→ Activity
In the material below, find the line containing "5946 S Fairfax" and the line containing "Edgewood Baptist Church Lakeland". Output those two lines and all lines between them exactly, without pictures.

[Dataset extract — start]

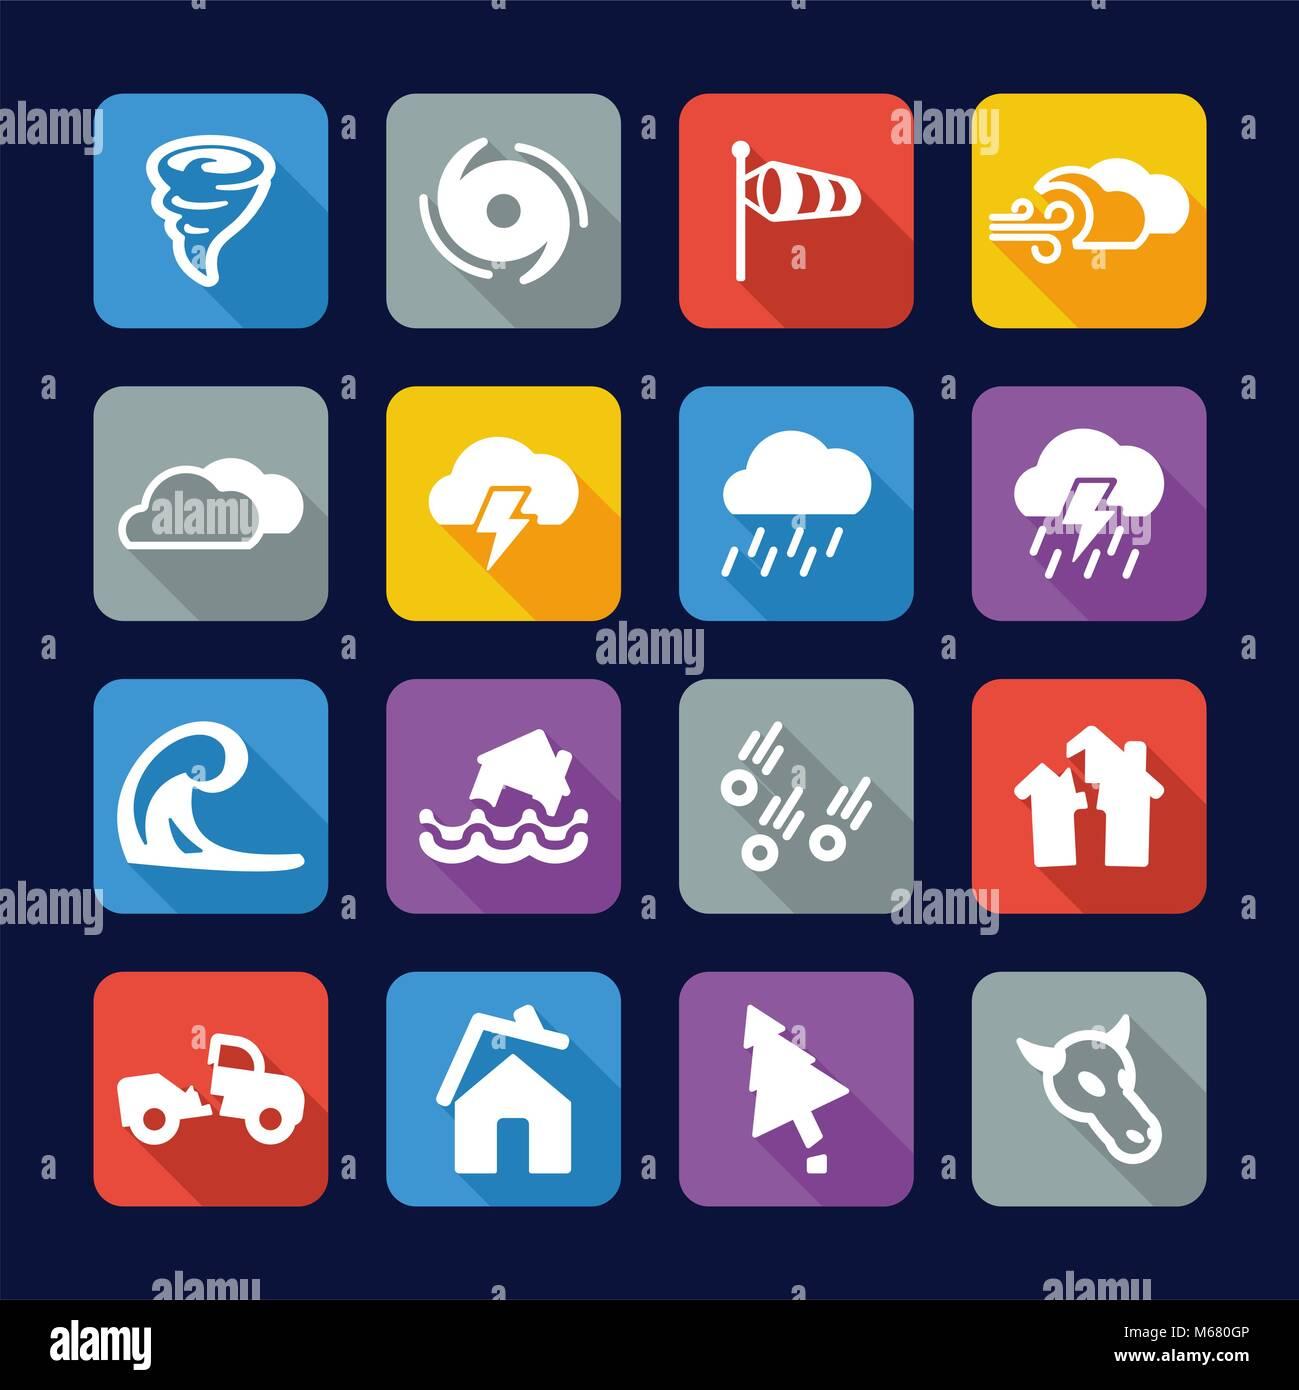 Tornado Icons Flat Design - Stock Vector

[Dataset extract — finish]
[Dataset extract — start]

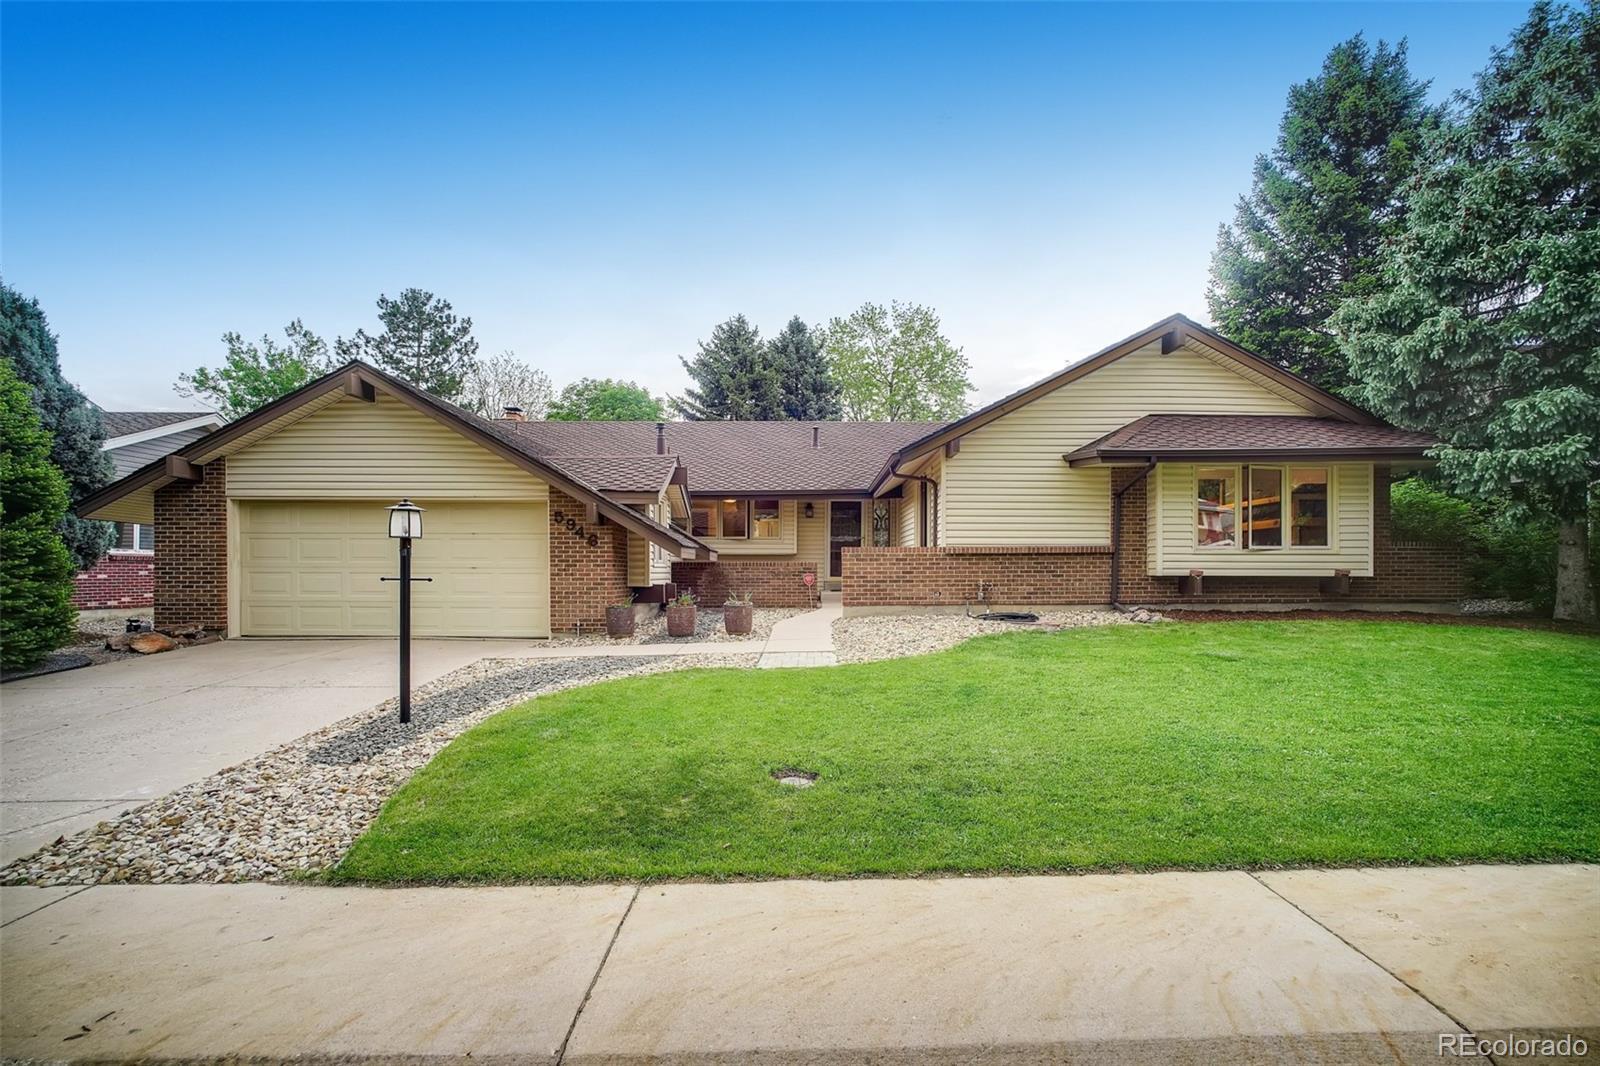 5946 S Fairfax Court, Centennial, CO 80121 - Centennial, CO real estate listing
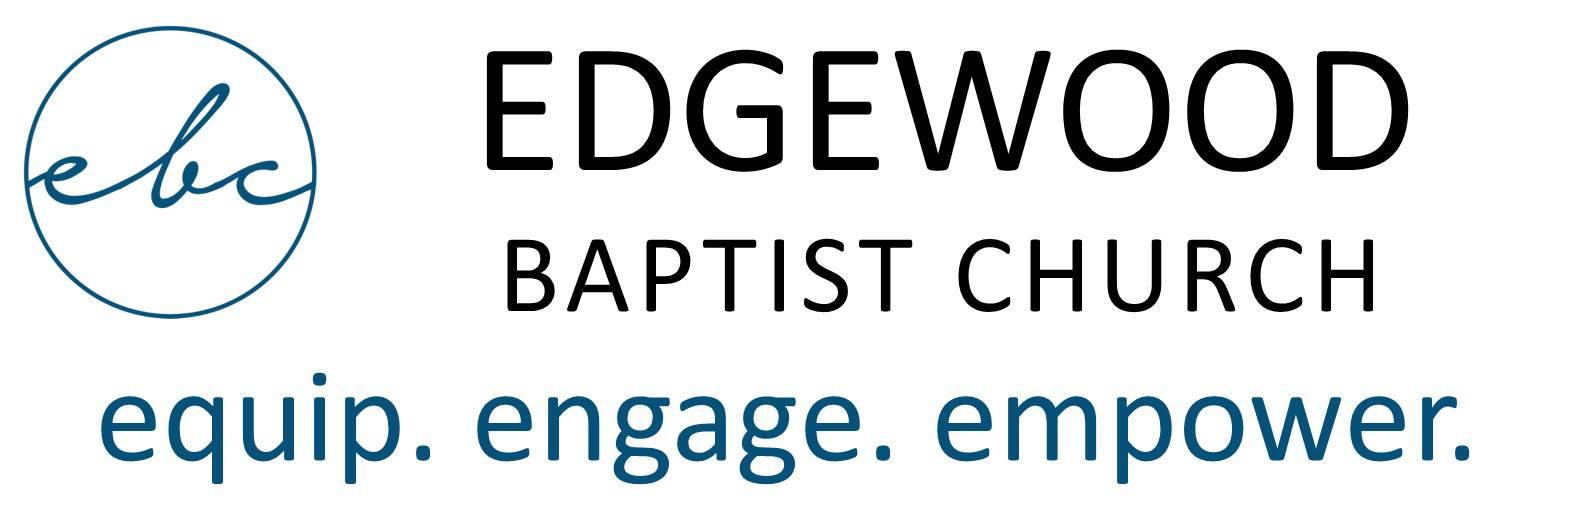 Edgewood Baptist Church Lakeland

[Dataset extract — finish]

→ Written solution
 5946 S Fairfax Court, Centennial, CO 80121 - Centennial, CO real estate listing
 Edgewood Baptist Church Lakeland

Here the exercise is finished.